If your site uses an authentication method that does not appear on this list, send a message to internews@valley.net with information about it. We will see if we can add it to the list.
• News Host: This is the name or IP address of the host computer at your site that manages the Usenet News (i.e., it is running NNTP). The default name is “news,” which will work for many sites. If your NNTP service does not use the standard port number, enter the port number after the host name with a space between them.
• Mail Host: This is the name or IP address of the host computer at your site that manages electronic mail (i.e., it is running SMTP). The default name is “mailhost,” which will work for many sites. This item will be disabled if the “None” authentication method is chosen. If your SMTP service does not use the standard port number, enter the port number after the host name with a space between them.

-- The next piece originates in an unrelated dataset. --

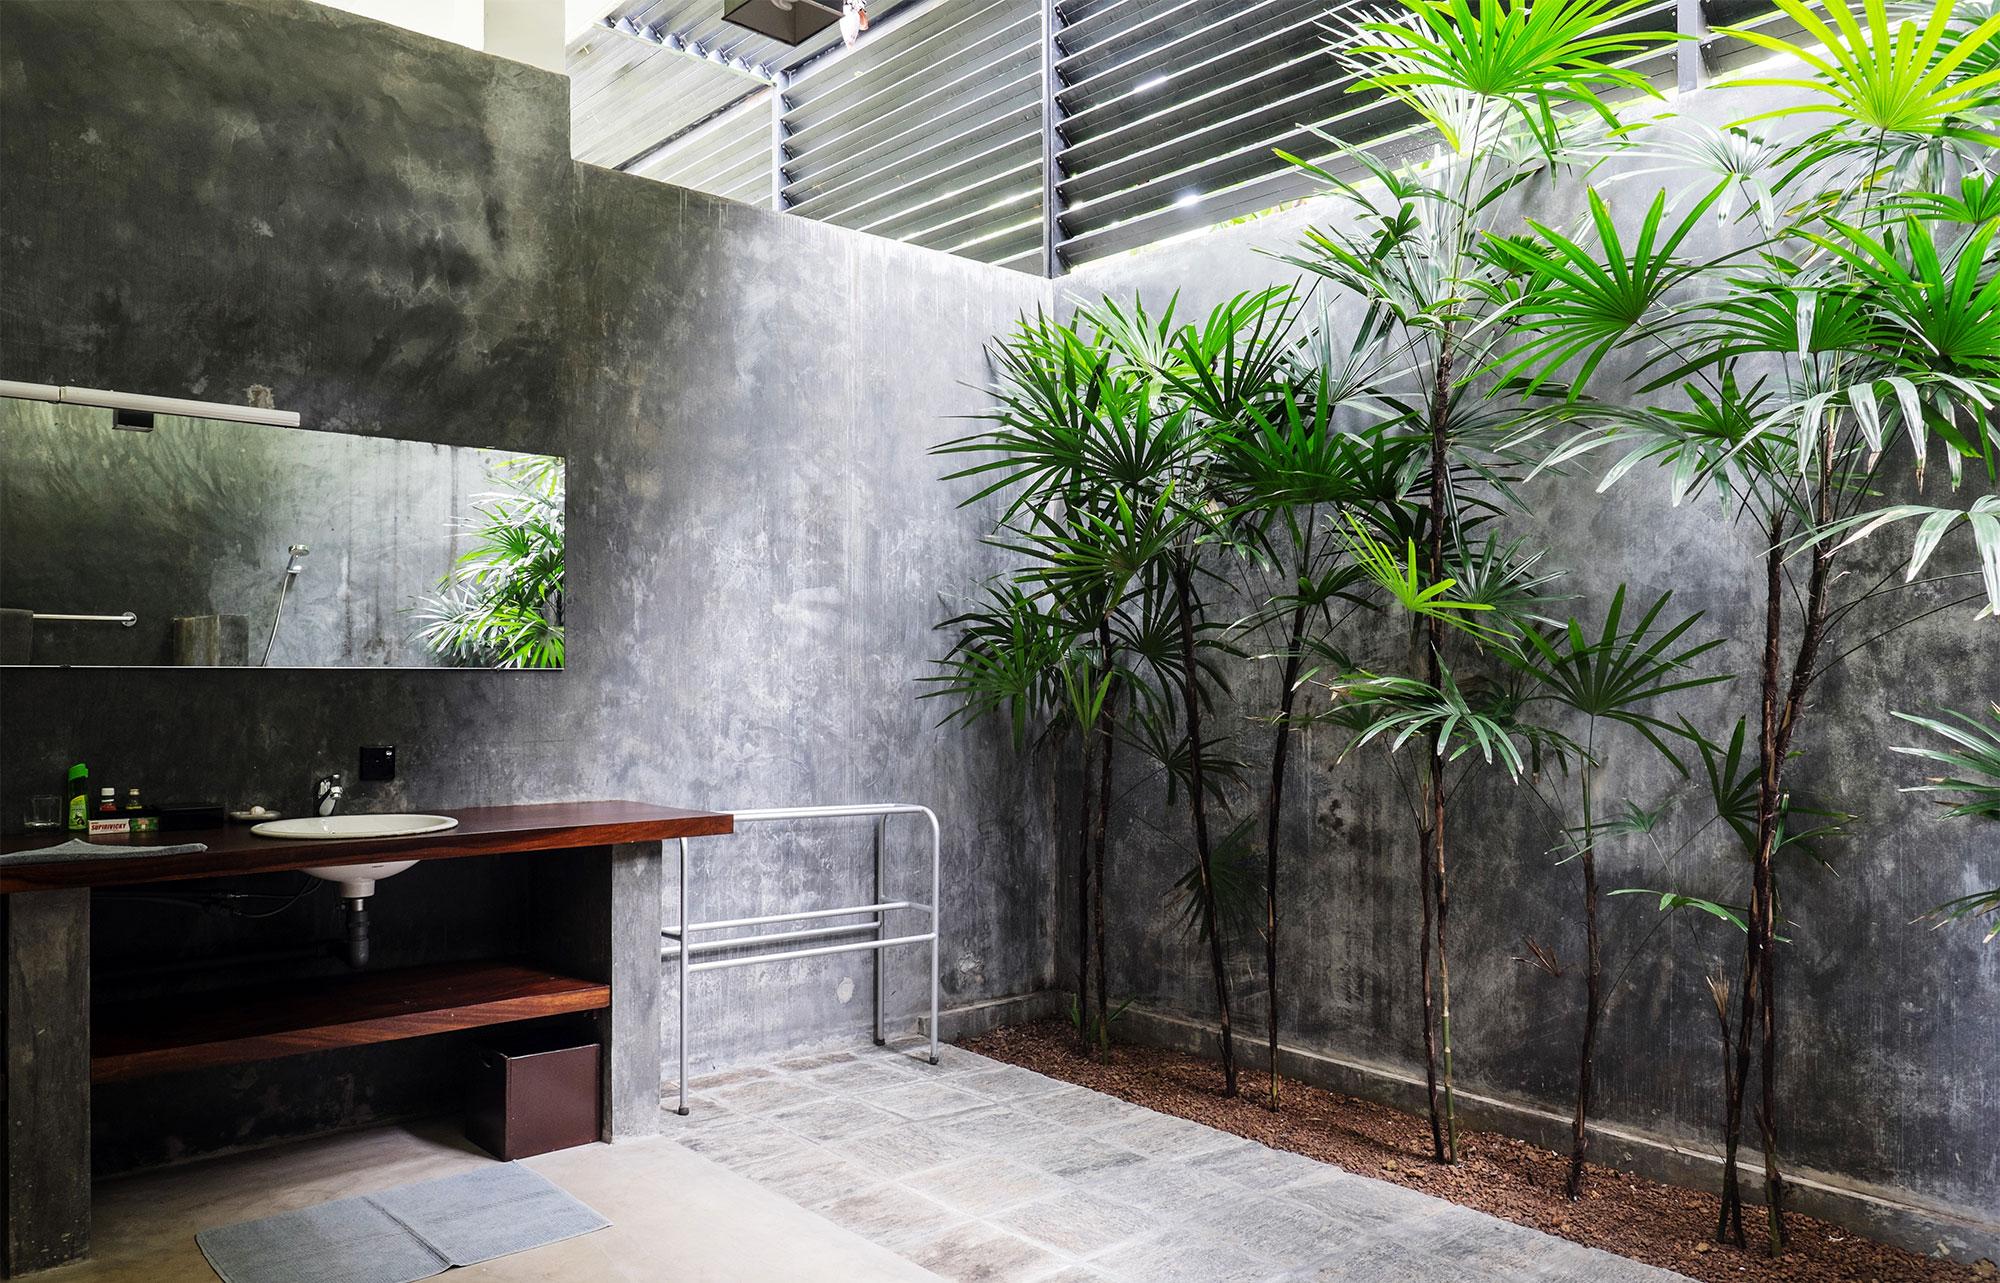 Badezimmer im Araliya Bungalow im Ayurveda Resort der one world foundation in Ahungalla, Sri Lanka, Foto: Andrea Alessandri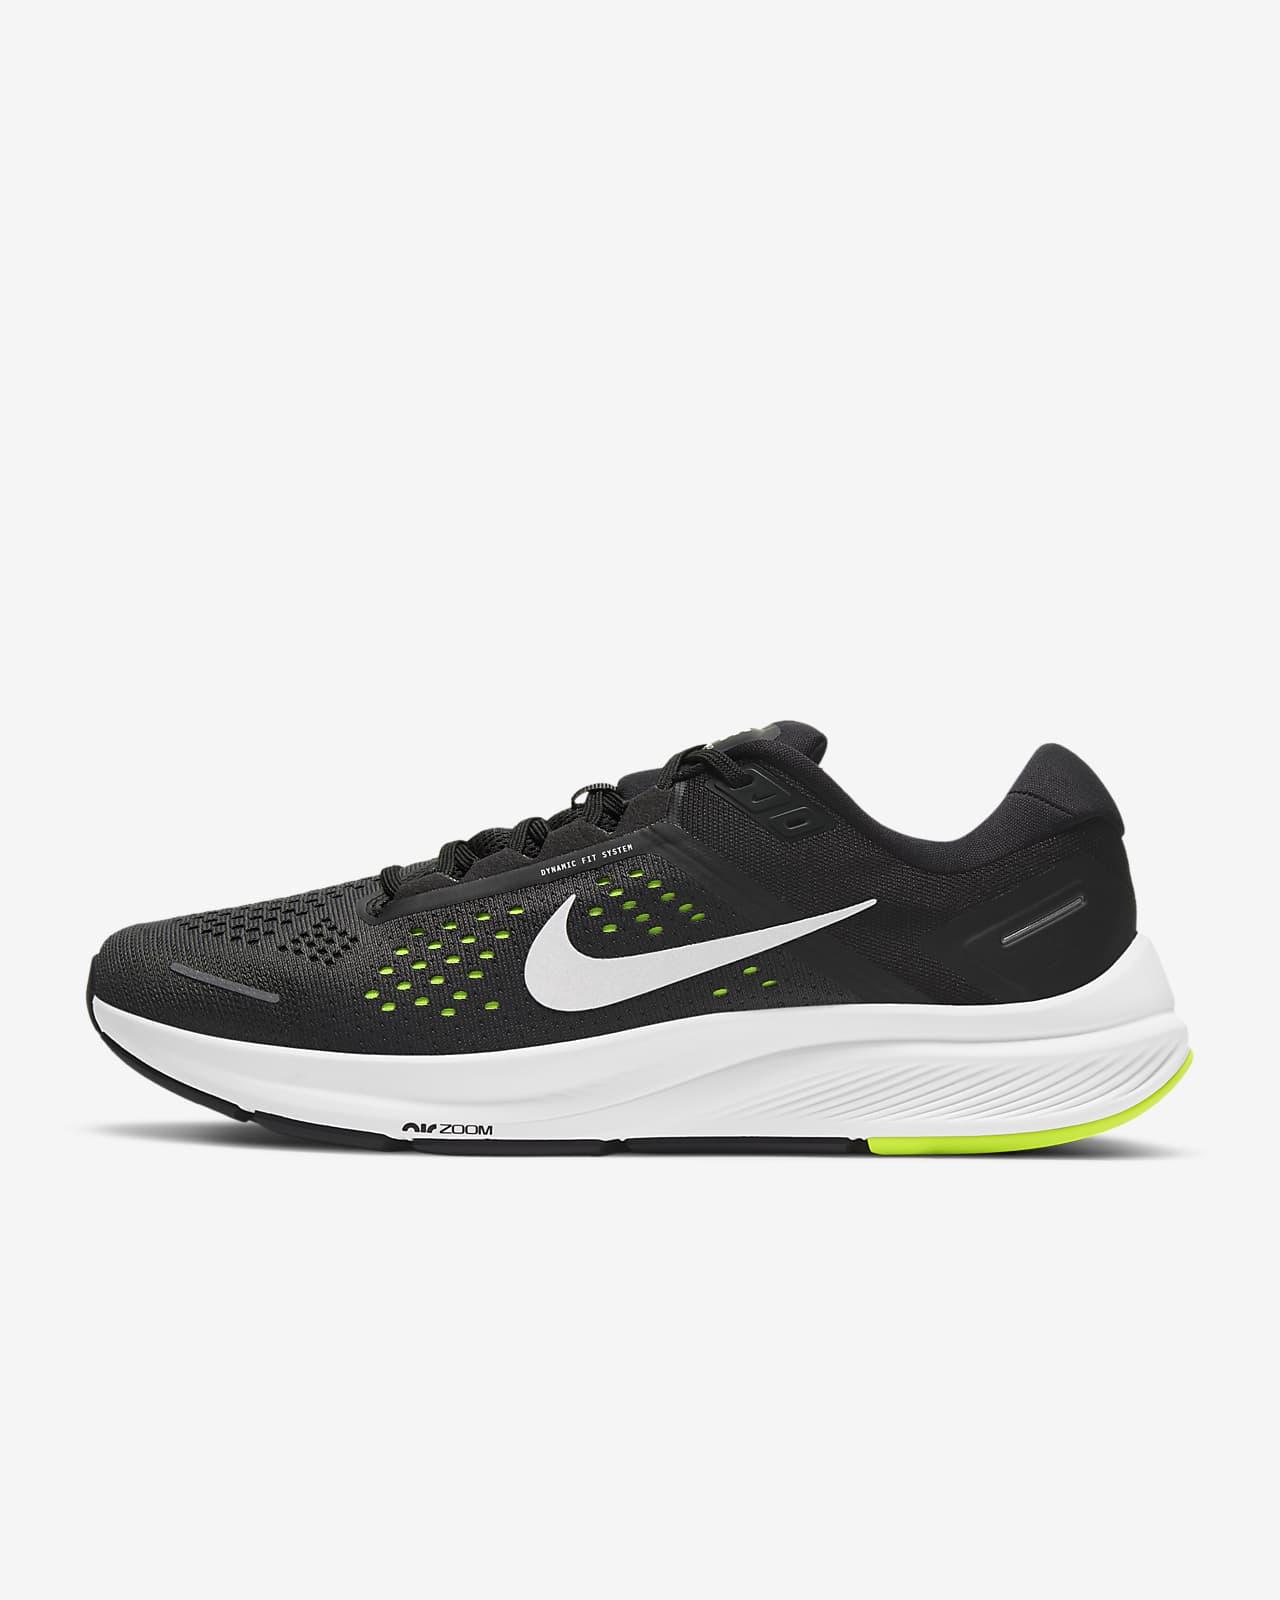 Nike Air Zoom Structure 23 男款路跑鞋

• Authentication Host: This is the name or IP address of the host computer at your site that manages authentication (i.e., it is running POP Mail, IMAP, etc.). The default name is “mailhost,” which will work for many sites. This item will be disabled if the “None” authentication method is chosen.
• Shell Prompt: This box will appear if you are using the Unix or VMS authentication method. Enter the most common shell prompt for the authentication host. If that prompt varies, enter any part of it that may remain constant for most users. InterNews needs a string that it will see on the host to indicate a successful login.
• Use SOCKS GateWay: check this box if you are reading news through a SOCKS firewall. Enter the name and port of the gateway (if not the default socks port) in the edit box provided. (As of version 2.0a4 this has not been tested yet.)